▶ **Your task**
Could the data below be retyped exactly, without its pictures?

▶ **Given data**
%%
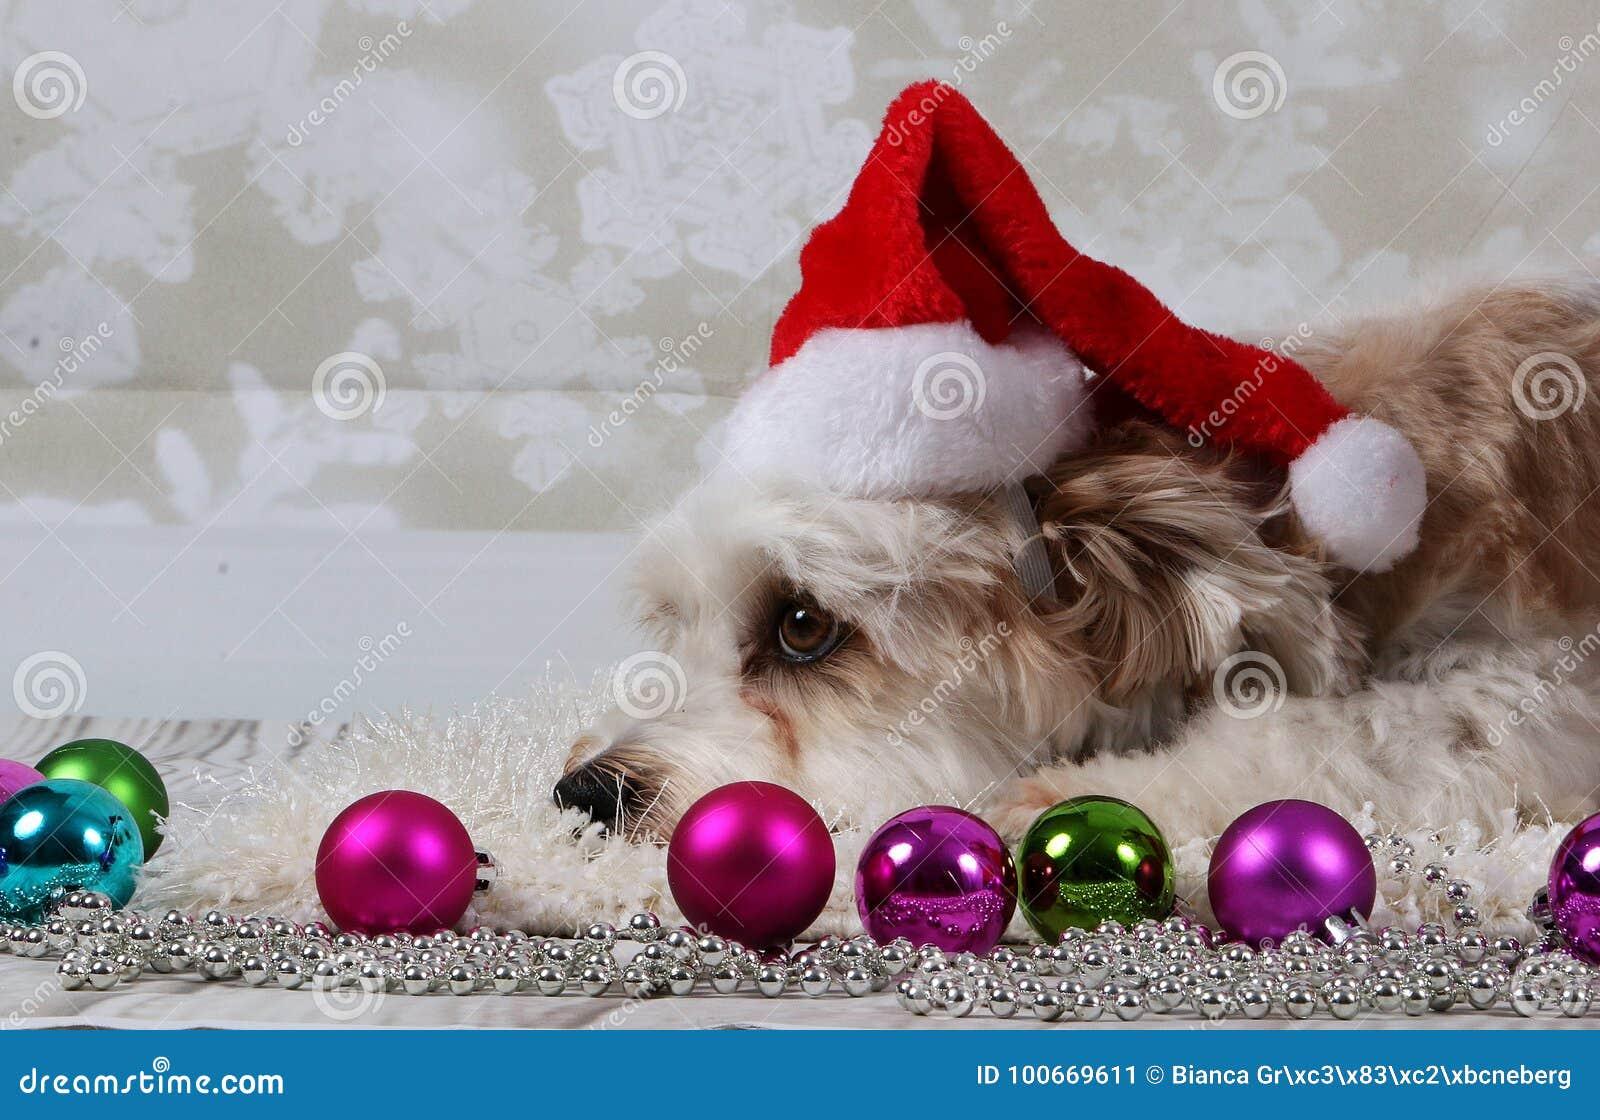 Immagini Divertenti Animali Natale.Cani Divertenti Di Natale Immagine Stock Immagine Di Capelli 100669611
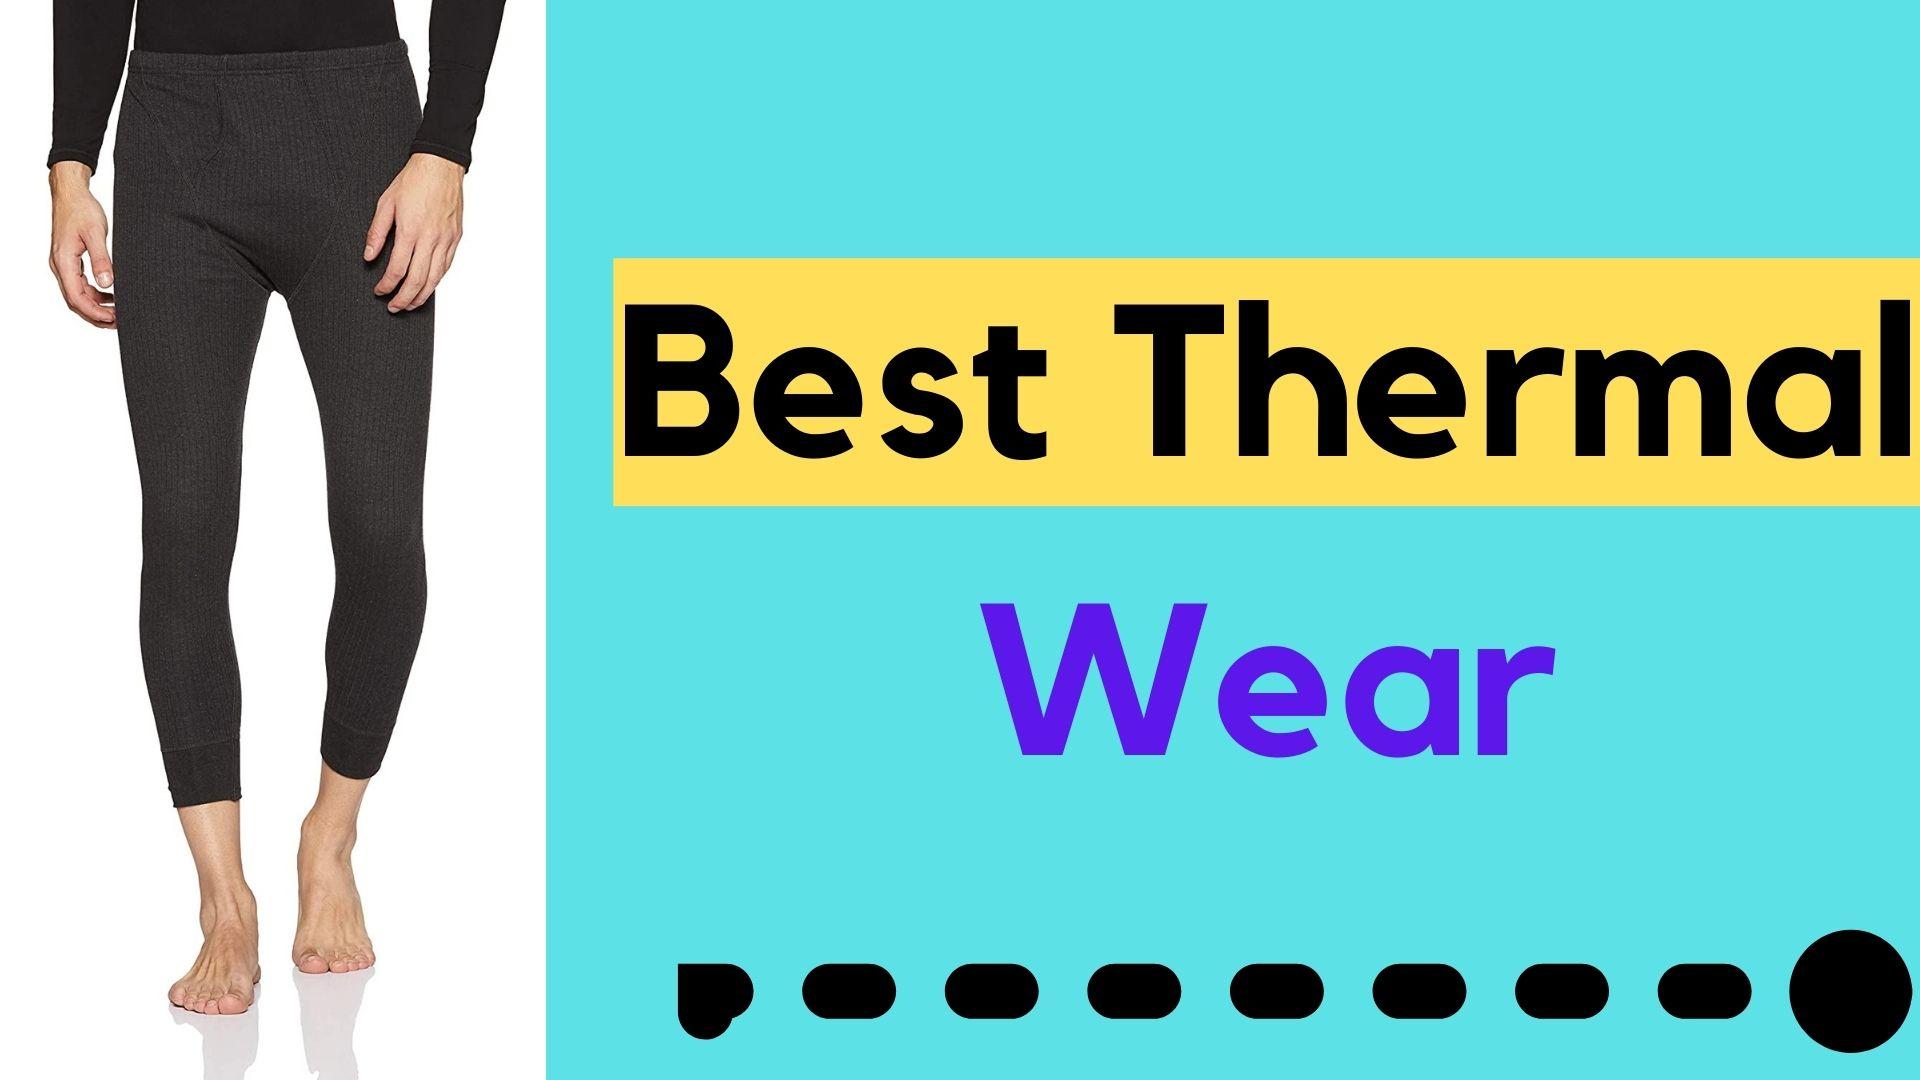 Best Thermal Wear
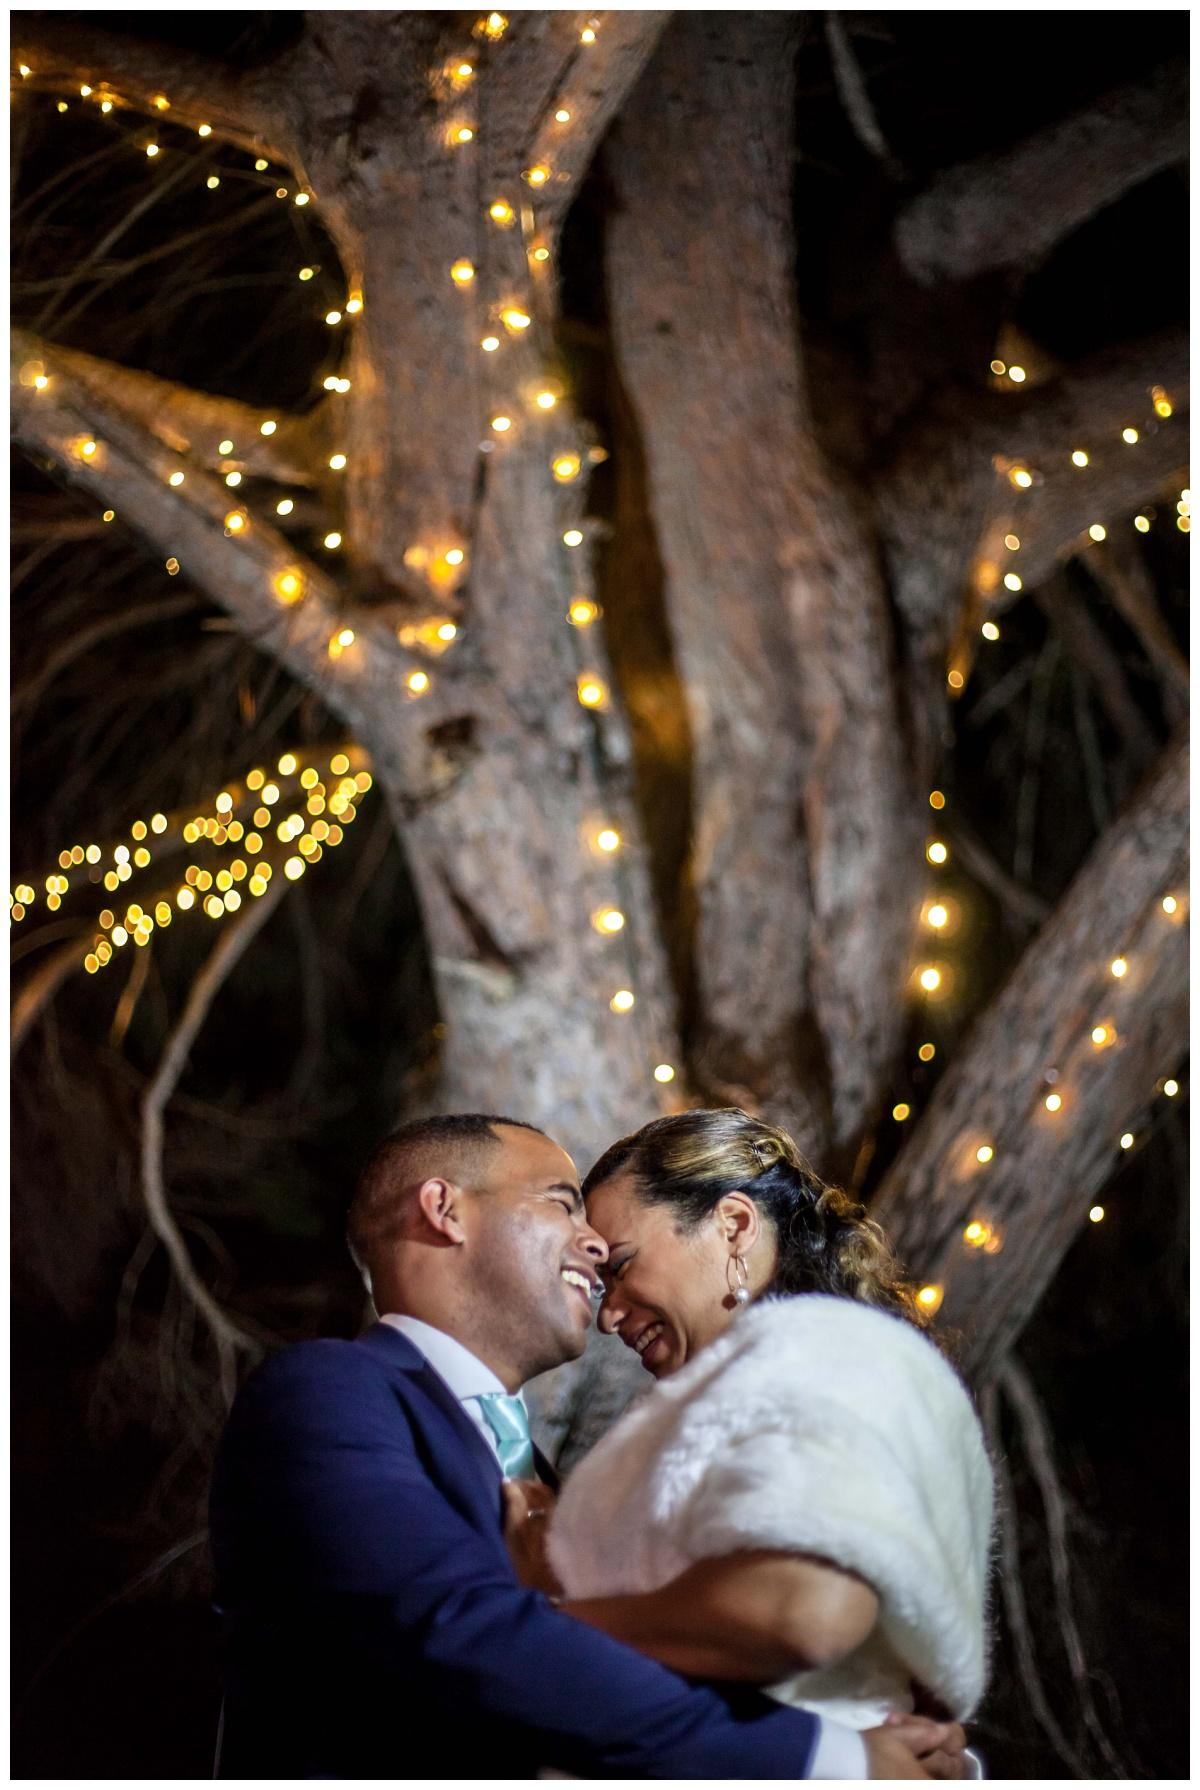 BRIDGET & JONATHAN WEDDING | GROENVLEI GUEST FARM
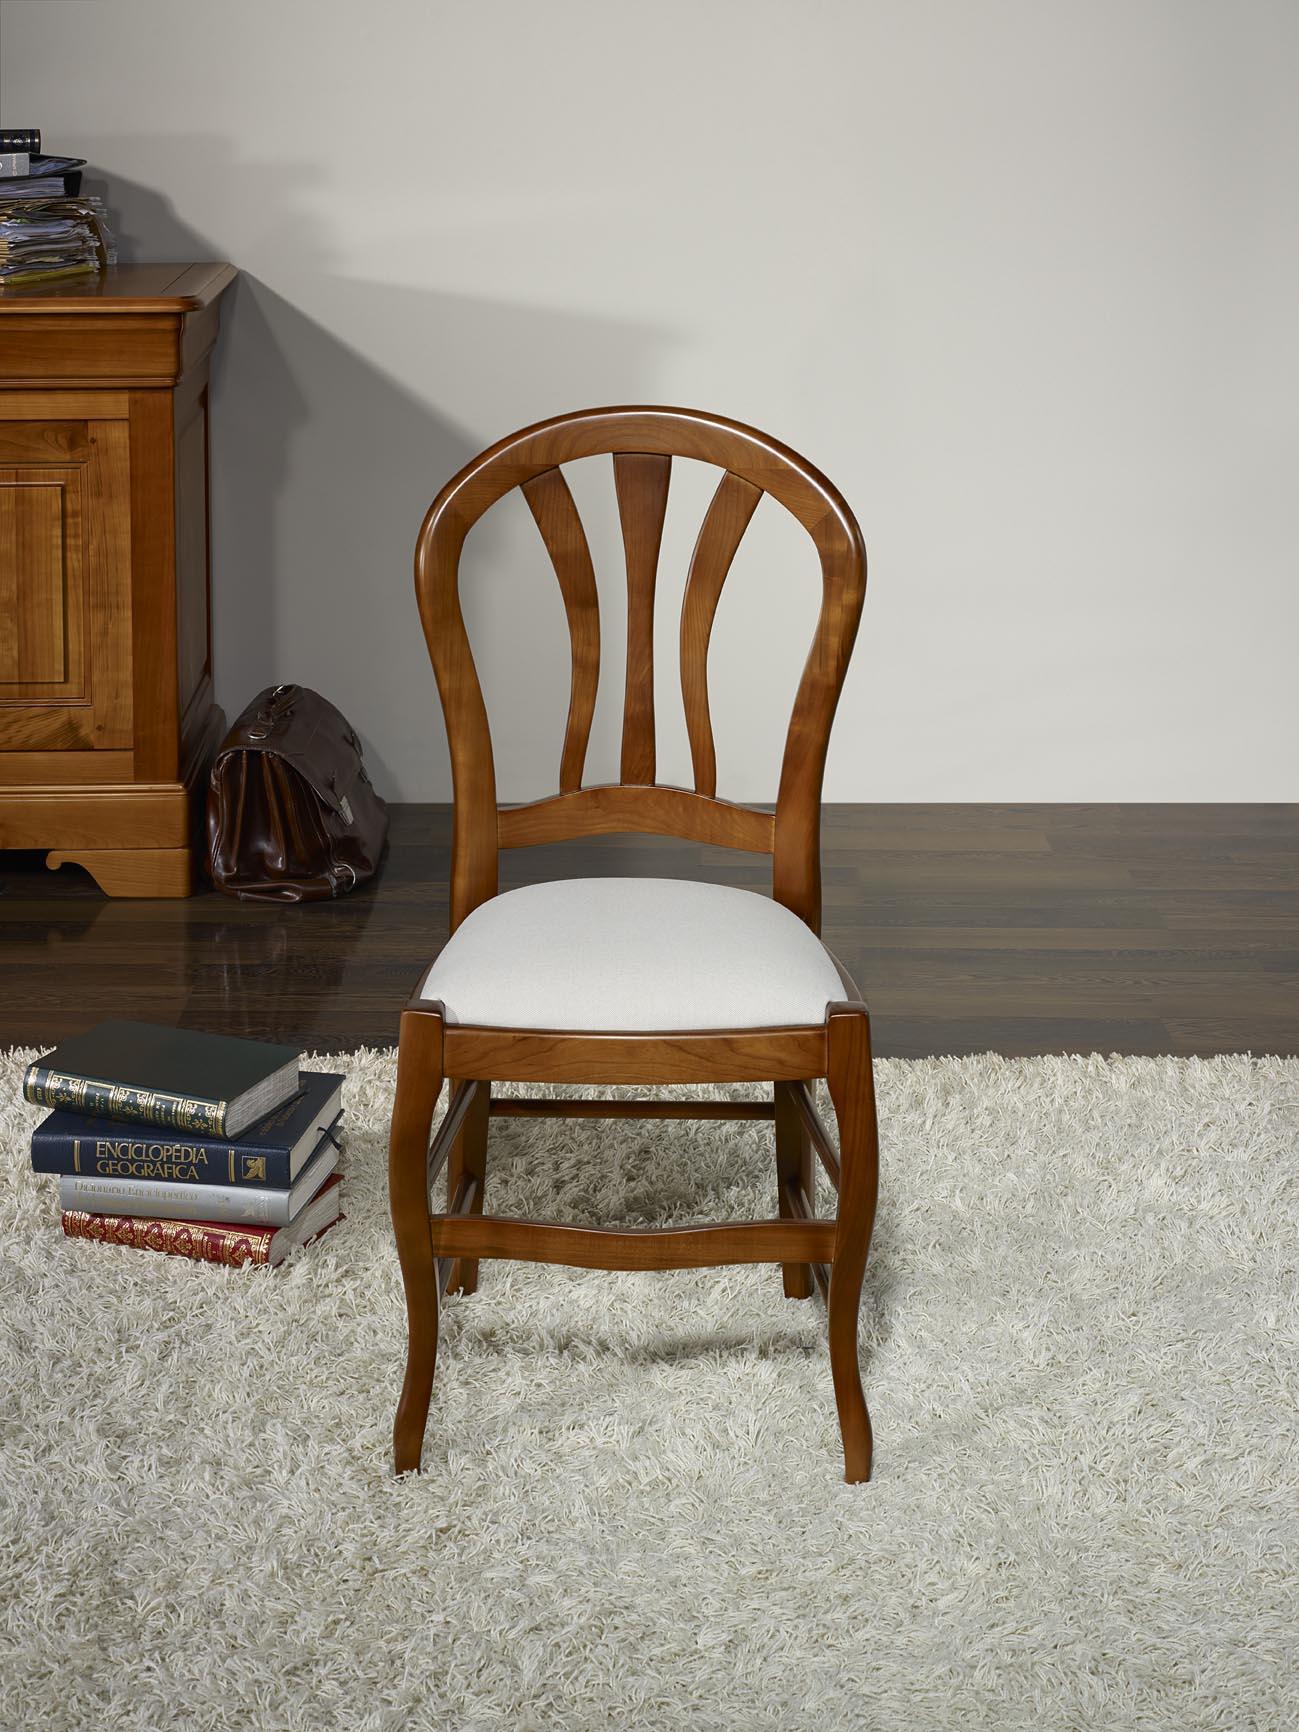 Chaise camille en h tre massif assise tissu de style louis philippe meuble en merisier - Chaise style louis philippe ...
%%
▶ **Result of the task**
 Immagini Divertenti Animali Natale.Cani Divertenti Di Natale Immagine Stock Immagine Di Capelli 100669611
 Best Thermal Wear
 BRIDGET & JONATHAN WEDDING | GROENVLEI GUEST FARM
 Chaise camille en h tre massif assise tissu de style louis philippe meuble en merisier - Chaise style louis philippe ...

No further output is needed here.